* **Stored data**:
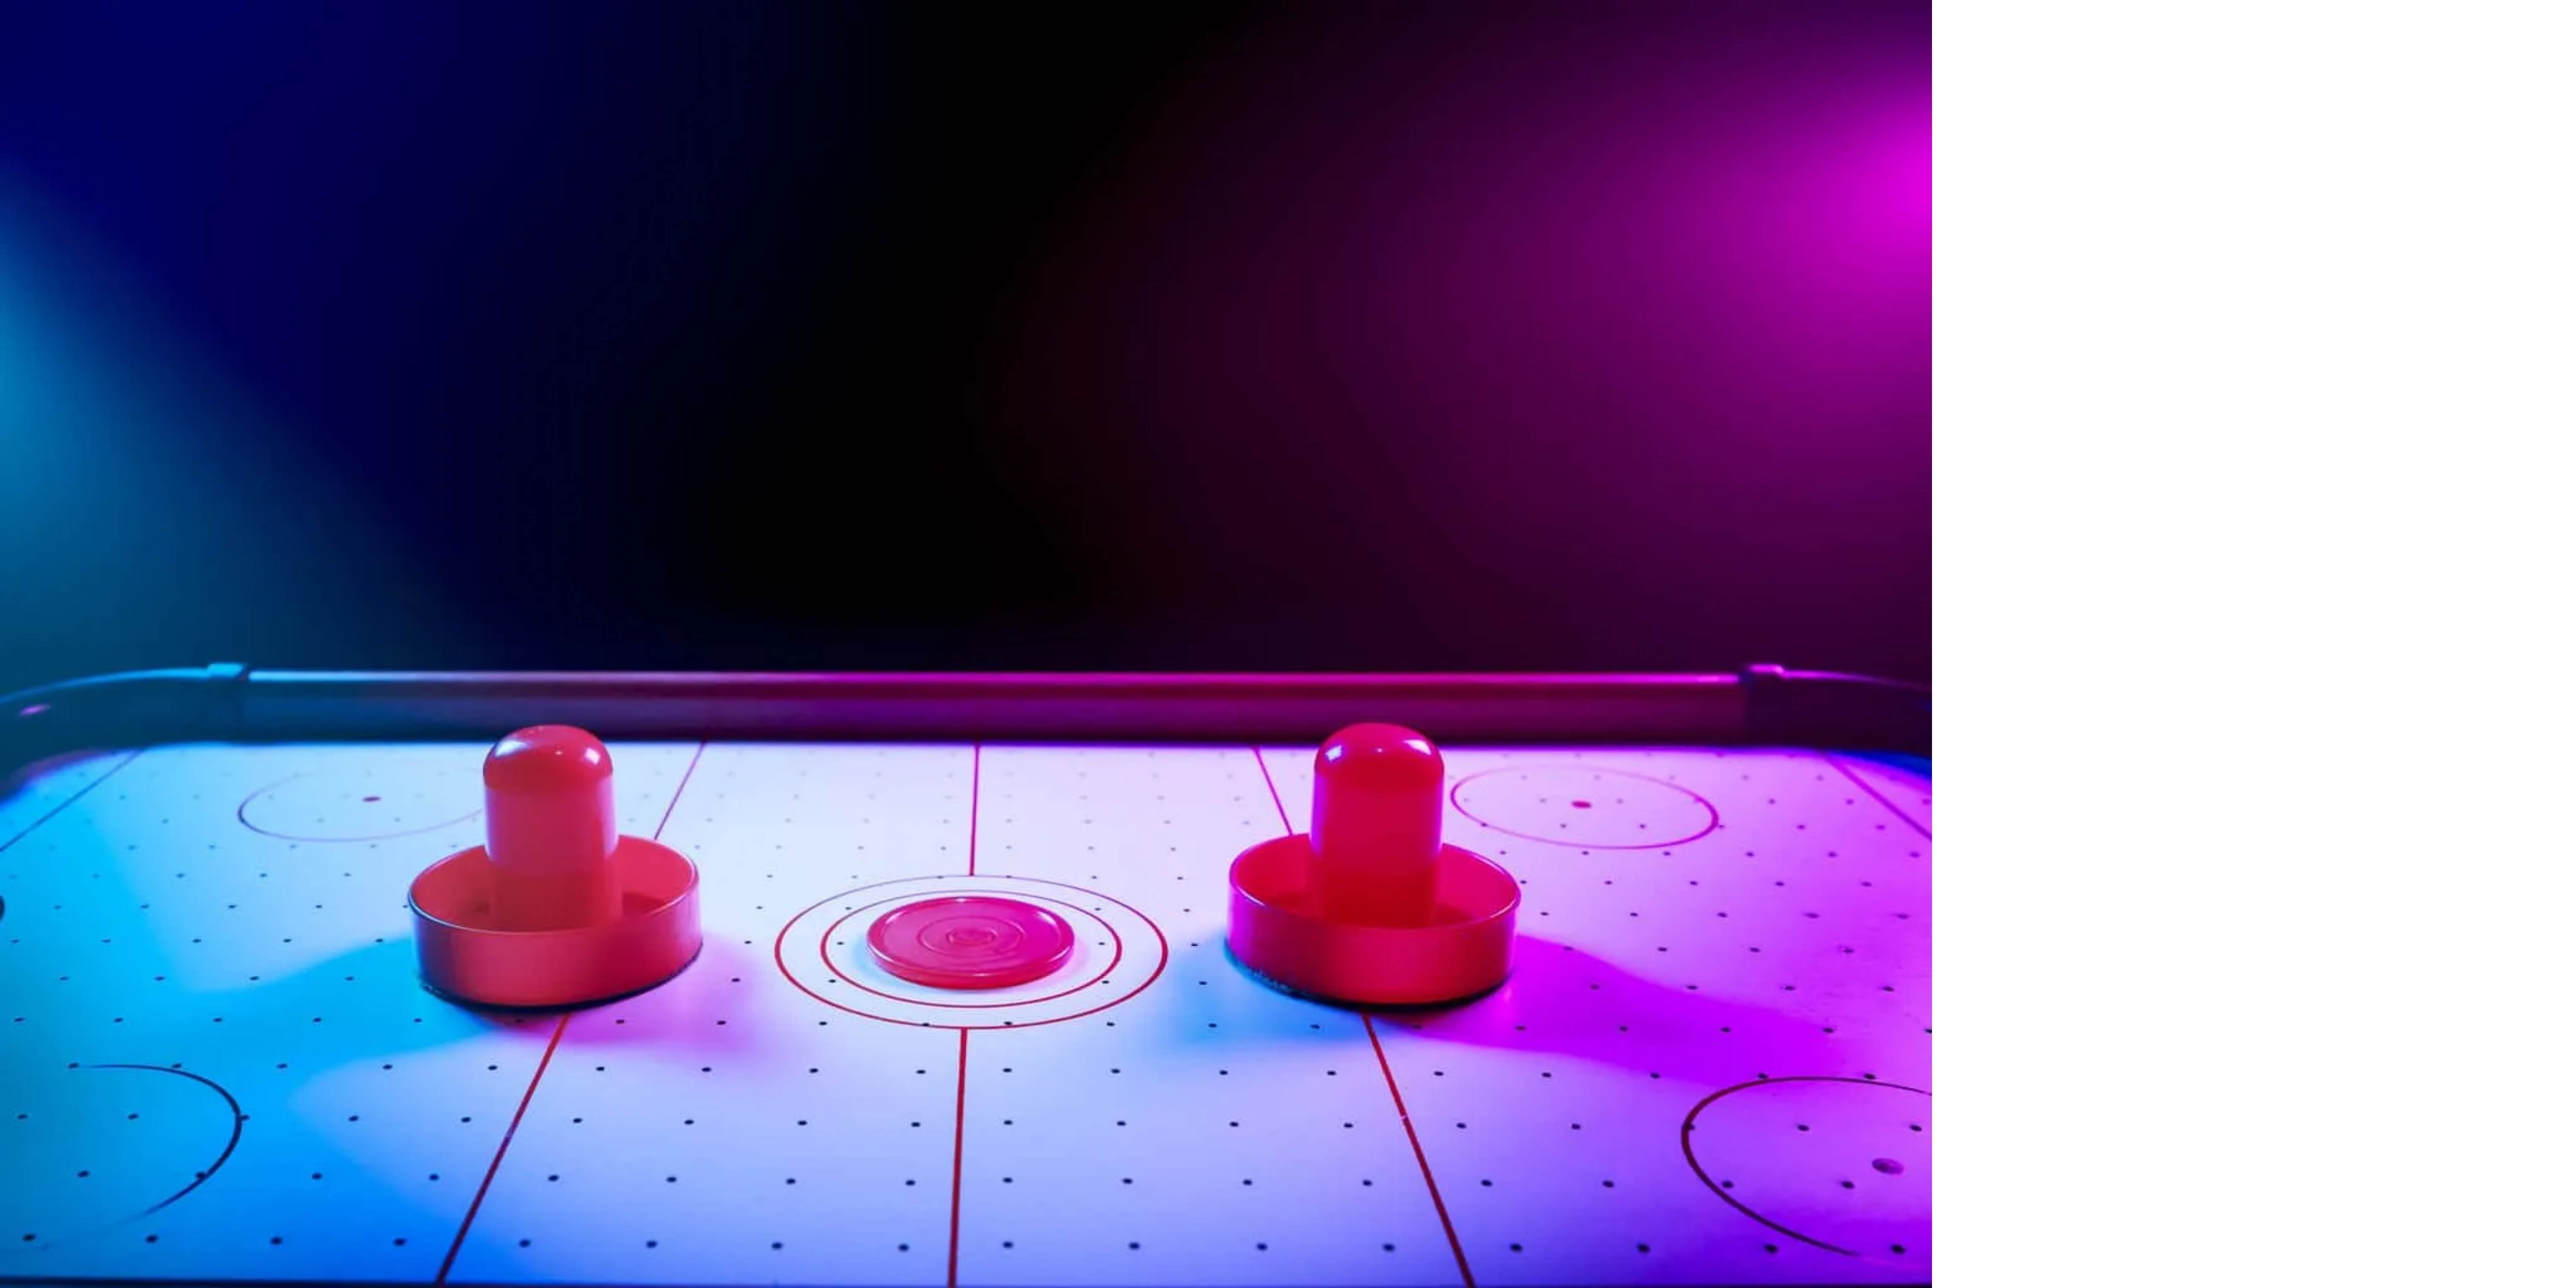 Sportcraft air hockey table with colorful lights that make you feel like you're in an arcade
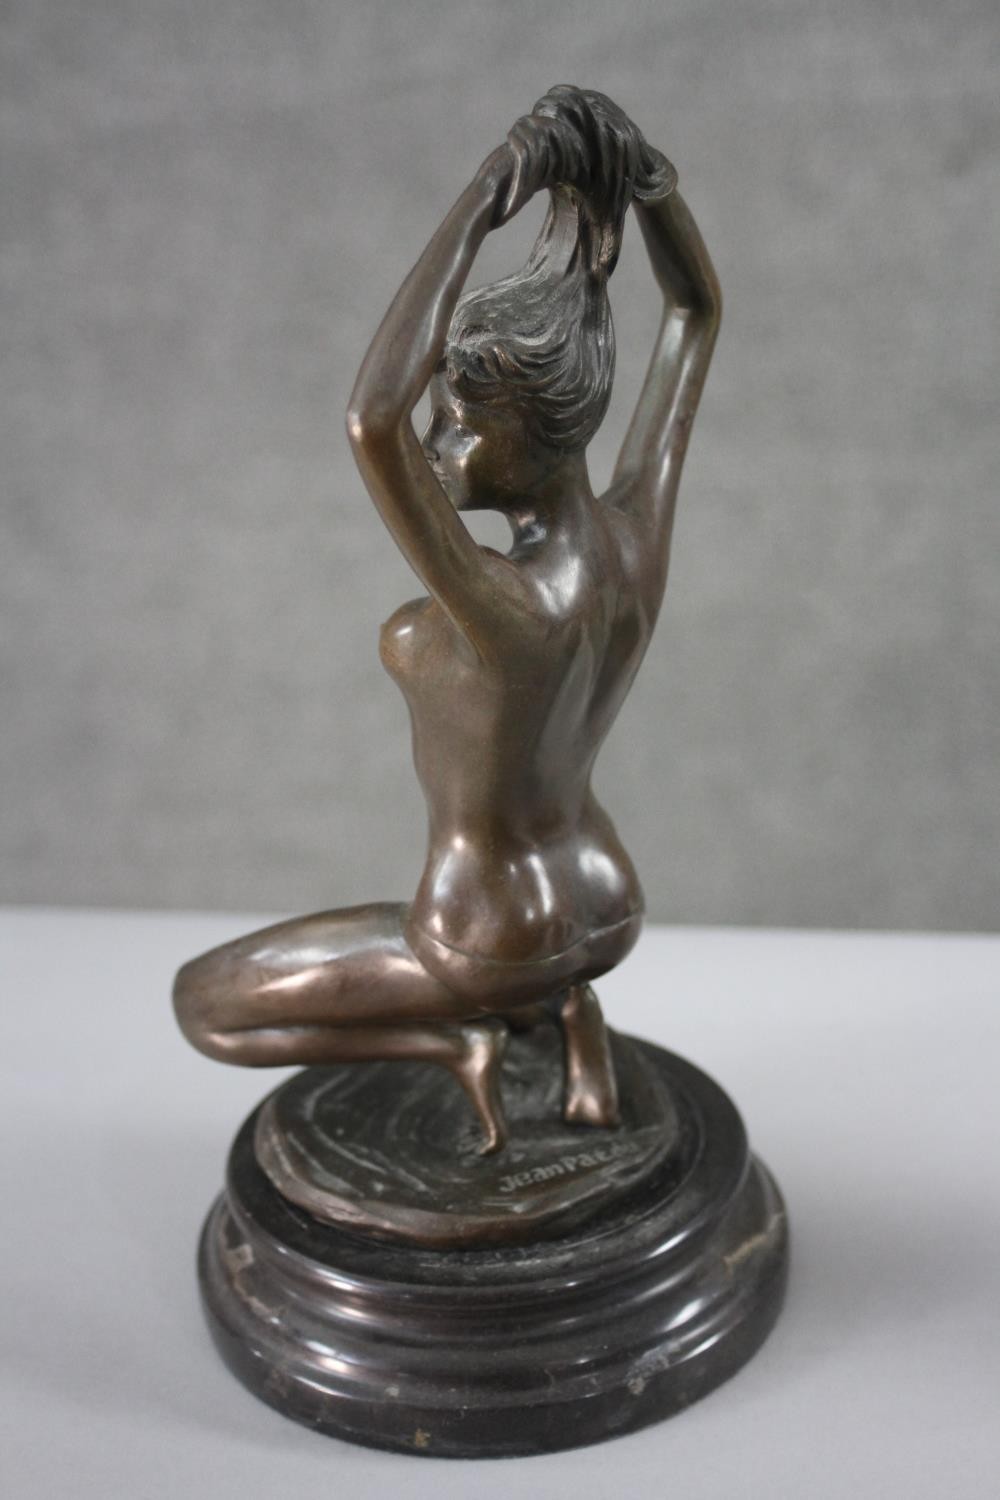 An erotic spelter figure of a kneeling nude woman holding up her hair. H.30 W.16 cm. - Image 2 of 3
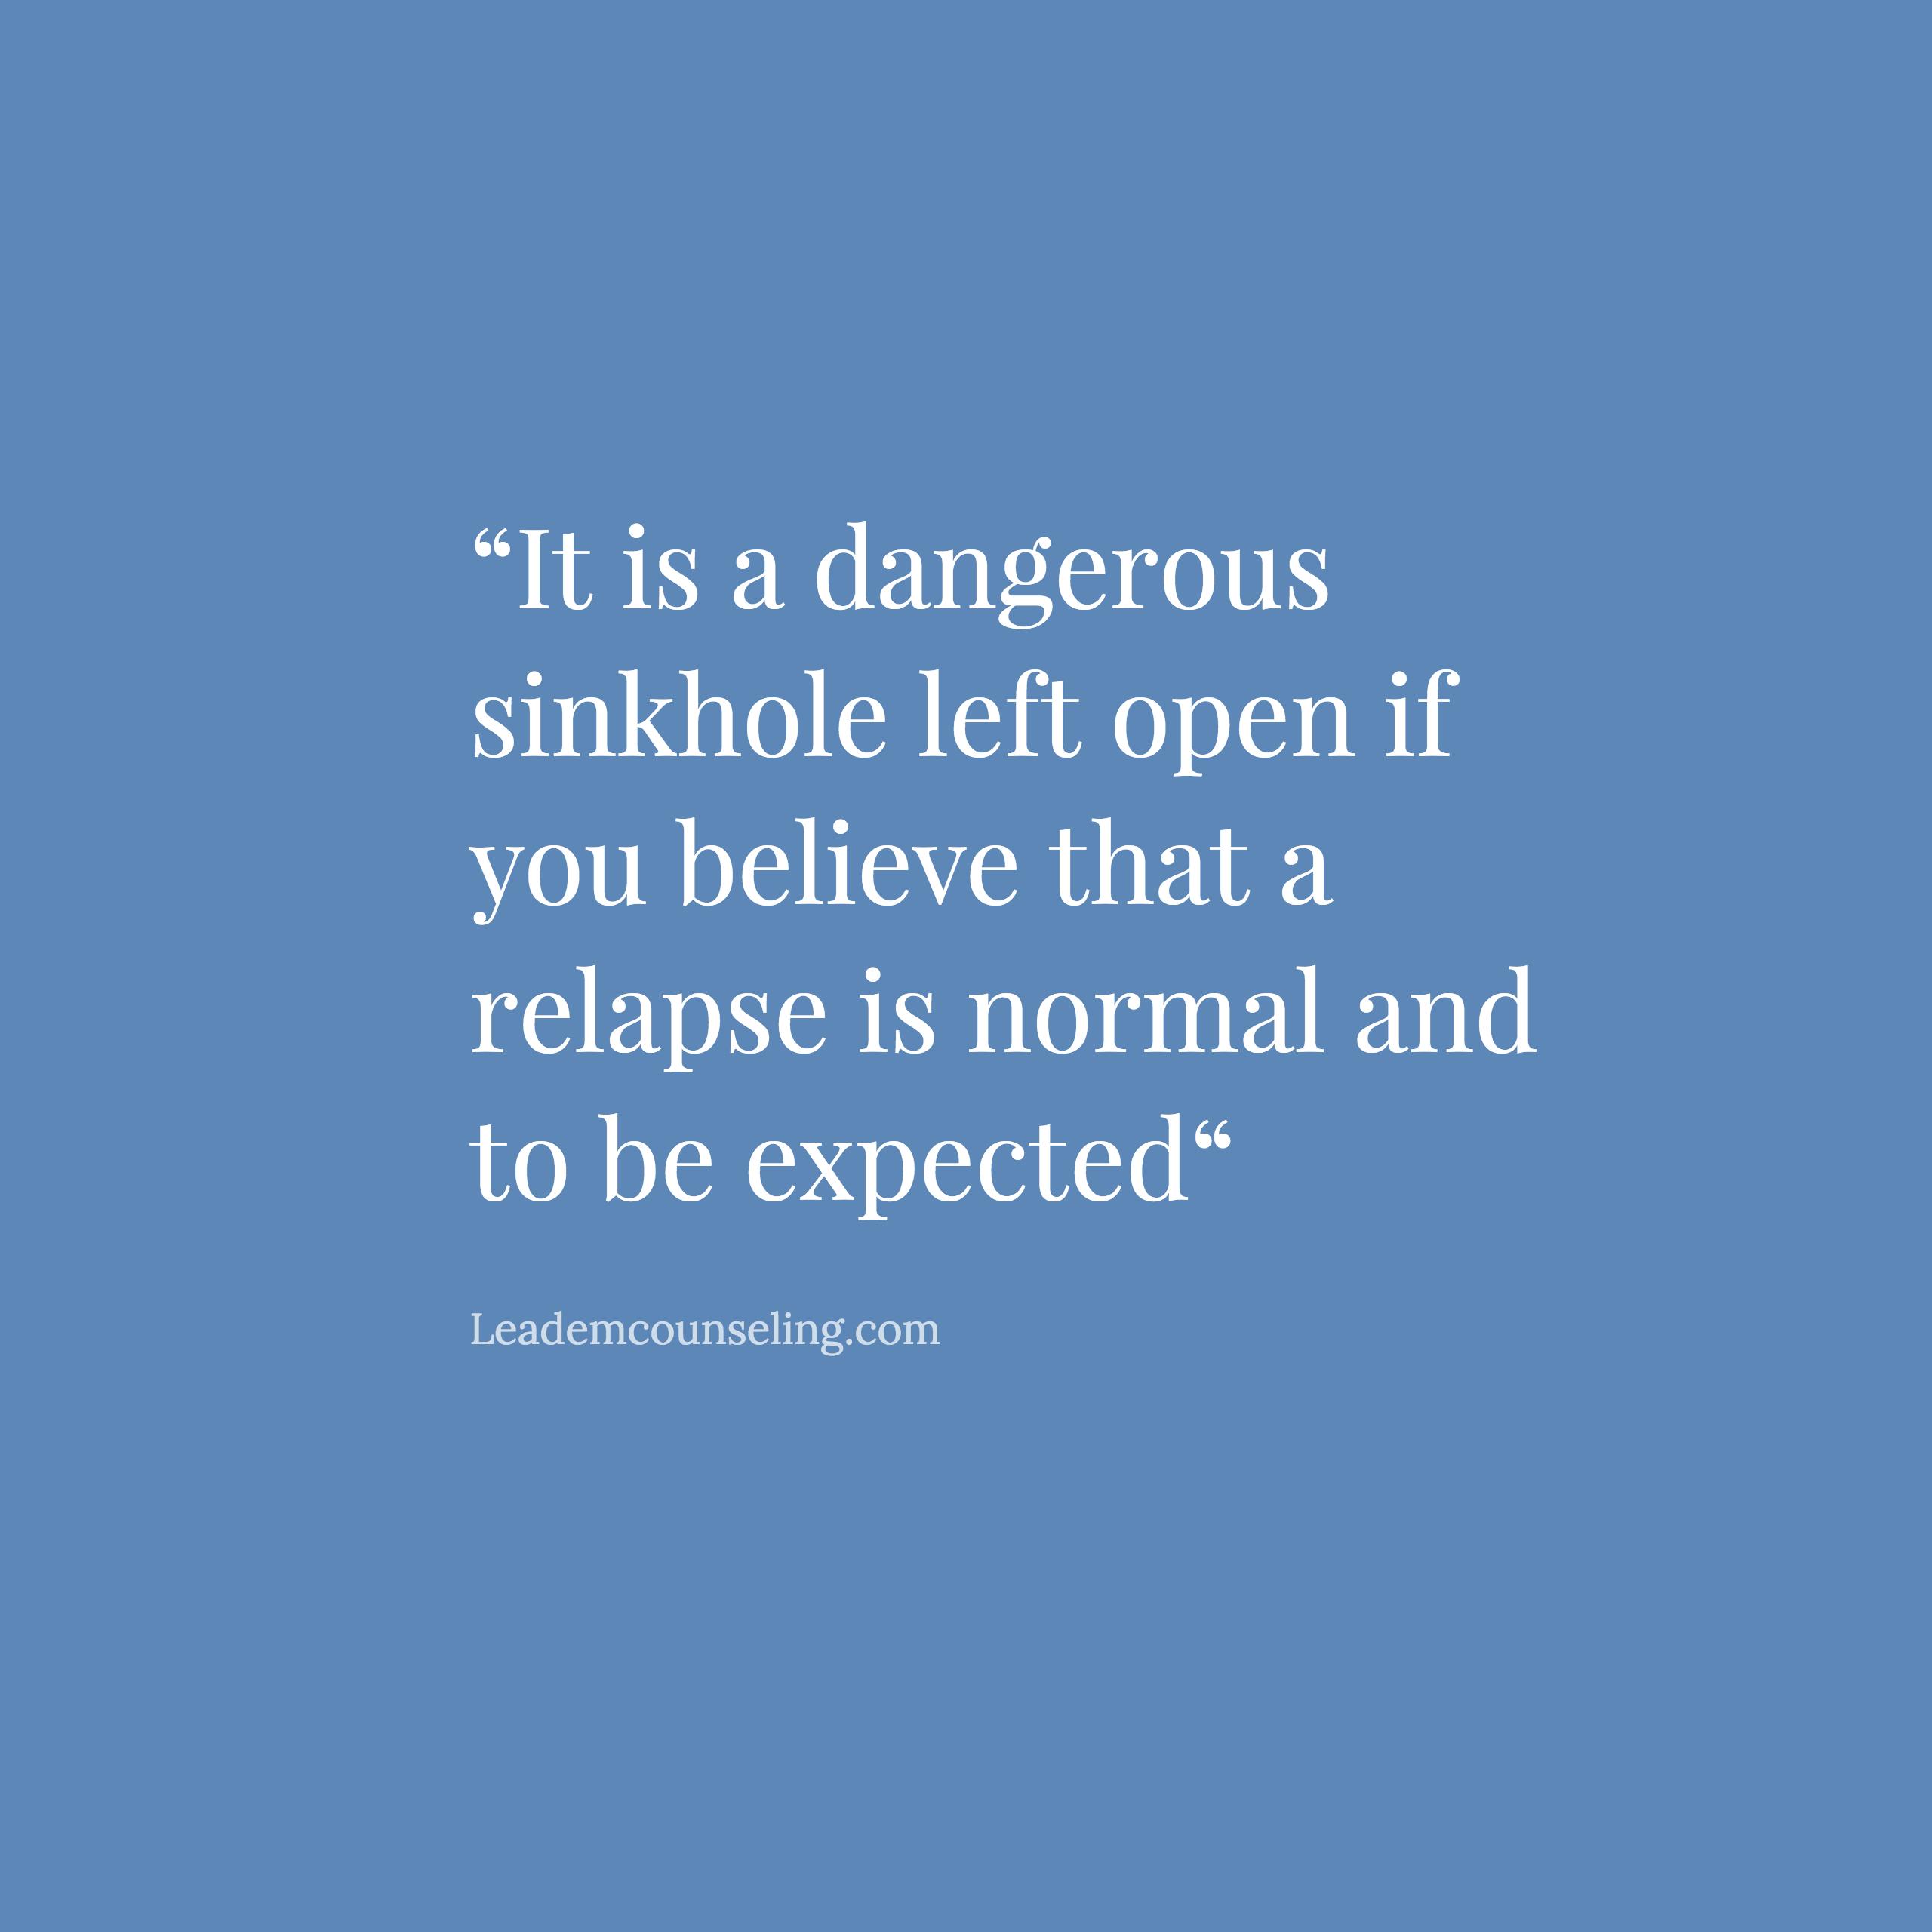 It is a dangerous sinkhole left open if you believe that a relapse is normal and to be expected

* **What you will do**: For this task, give the full listing again verbatim and keep out every picture.

* **Response box**:
 Sportcraft air hockey table with colorful lights that make you feel like you're in an arcade
 An erotic spelter figure of a kneeling nude woman holding up her hair. H.30 W.16 cm. - Image 2 of 3
 It is a dangerous sinkhole left open if you believe that a relapse is normal and to be expected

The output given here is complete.